I've read this study https://www.ncbi.nlm.nih.gov/pmc/articles/PMC2582119/

which says "In conclusion, the results of the current study suggests that monitoring of follicular rupture prior to IUI provides a pregnancy rate similar to natural fecundity. According to the results of this study it is suggested that IUI should be withheld until follicular rupture is detected."

That means you have to OVULATE BEFORE they give you the sperm in your uterus for IUI. Any earlier and it is wasted. It doesn't live for 2-5 days in the uterus only in the cervical mucous

But my IVF clinic gave me an IUI insemination 2 days before I ovulated! saying it was in the 3-day window

this is a rip off, there's no chance it can work, according to that study, also according to a number of US clinics who have posted on it.

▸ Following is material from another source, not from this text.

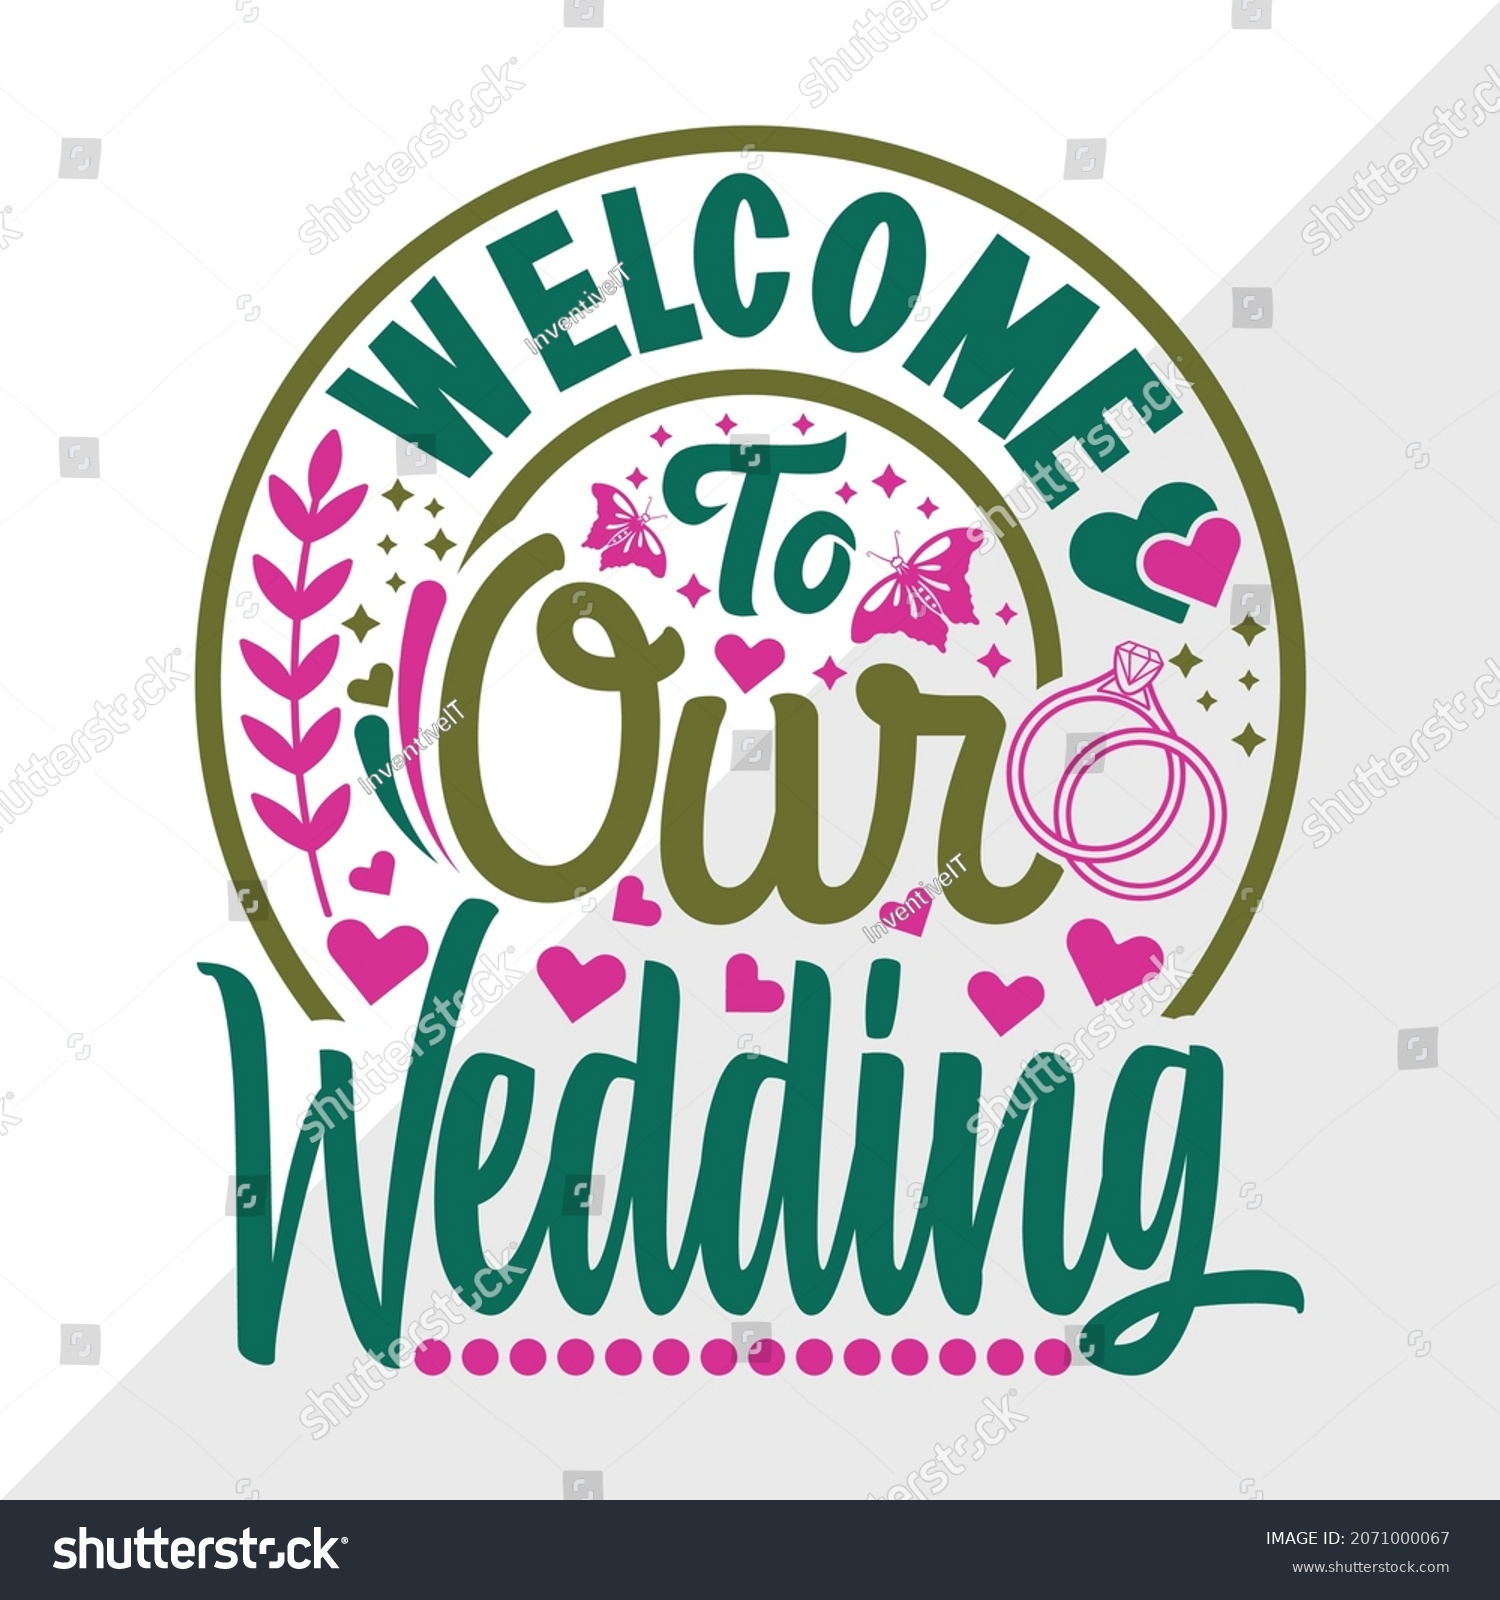 SVG of Welcome To Our Wedding Printable Vector Illustration svg

eg here: https://www.acfs2000.com/intrauterine-insemination-iui.html
"Sperm, on the other hand, can live in the cervical mucus for an average of 3-4 days and from there travel up to the fallopian tube. It is estimated that sperm put in the uterus travels through it within 4-6 hours and afterwards it is all gone."

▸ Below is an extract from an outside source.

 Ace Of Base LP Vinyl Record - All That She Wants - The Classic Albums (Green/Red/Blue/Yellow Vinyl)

Has anybody got links to any other scientific studies that explicitly state how long the sperm last in the uterus? Just so i have extra studies to take in to my next appointment so I can make sure they monitor my follicles for rupture before insemination next time?


----------



## Me Myself and I (Dec 30, 2012)

I have no longer got the studies. But to complicate things further, fresh sperm May live that long but the lifespan of defrosted sperm is between 6-12 hours according to many studies which adds a further complication. Hence you can see why multiple inseminations can be more effective. 

Are you having iui in your forties?


----------



## mollymartha (Jan 6, 2019)

hello ont mind me joining this post im 36 but have had 3 natural cycle iuis when I was still 35 though I had several worries over my trigger shot timings and how long do sperm live worries every time, for some reason my clinic do iui24 hours after trigger shot, I researched it literally so many times and trailed the internet for hours and hours 24 hours after trigger always seemed so early?  I read most clinics use the 36 hours later timing , by my 3rd iui I was meant to go up to the main clinic for it on a Friday, but hey were fully booked well at first they said they had 2 slots that day my base clinic rang the main procedure clinic and then straight away those 2 slots for the Friday had vanished, I had an 18mm dominant follicle on the Wednesday they gave me the only option of triggering at the clinic just 19 hours before the iui!! or wait til the  Saturday pay for 2 more scans myself to check the follicle wa still there and try that! I had nochoice but to go up o the Thursday I was so upset and stressed by it all as the 3rd one was my best  lining and best chance I asked the clinic if I could wait as long as possible which they did leaveme til last that day as I had to be sedated for it too the nurse at my base clinic said don't worry sperm " live a few days you will be fine" again I knew this to be the case for fresh sperm but did again a lot of reading  online and it said 6-12 hours max for washed frozen sperm which  I was using, iasked the dr on the day  of iui how long do they live for in my case she wouldn't look me in the eye but confirmed " in the female reproductive tract we would  say 6 hours" I as gutted to hear that! the iui timings were so wrong  for me, I knew it she knew it, if the sperm only live 6 hours and I didnt ovulate until 36 hours later they did the iui 22 hours after trigger shot my timings were way out! I only  had a tiny chance anyway at best anyway I admit that but you pay all that money and I still felt that tiny chance was taken away I couldntg even adjust my trigger shot timings at home myself and do them 36 hours before  at home as the second and third iuis I had to get the trigger shot there and then at the clinic! all in all timings wise not a good experience for me and I really regret the timings of them all x


----------



## rainbows44 (Oct 12, 2018)

thanks for replying mollymartha and Me Myself and I (yes i am 45 and had one cycle of IUI as a break from ICSI)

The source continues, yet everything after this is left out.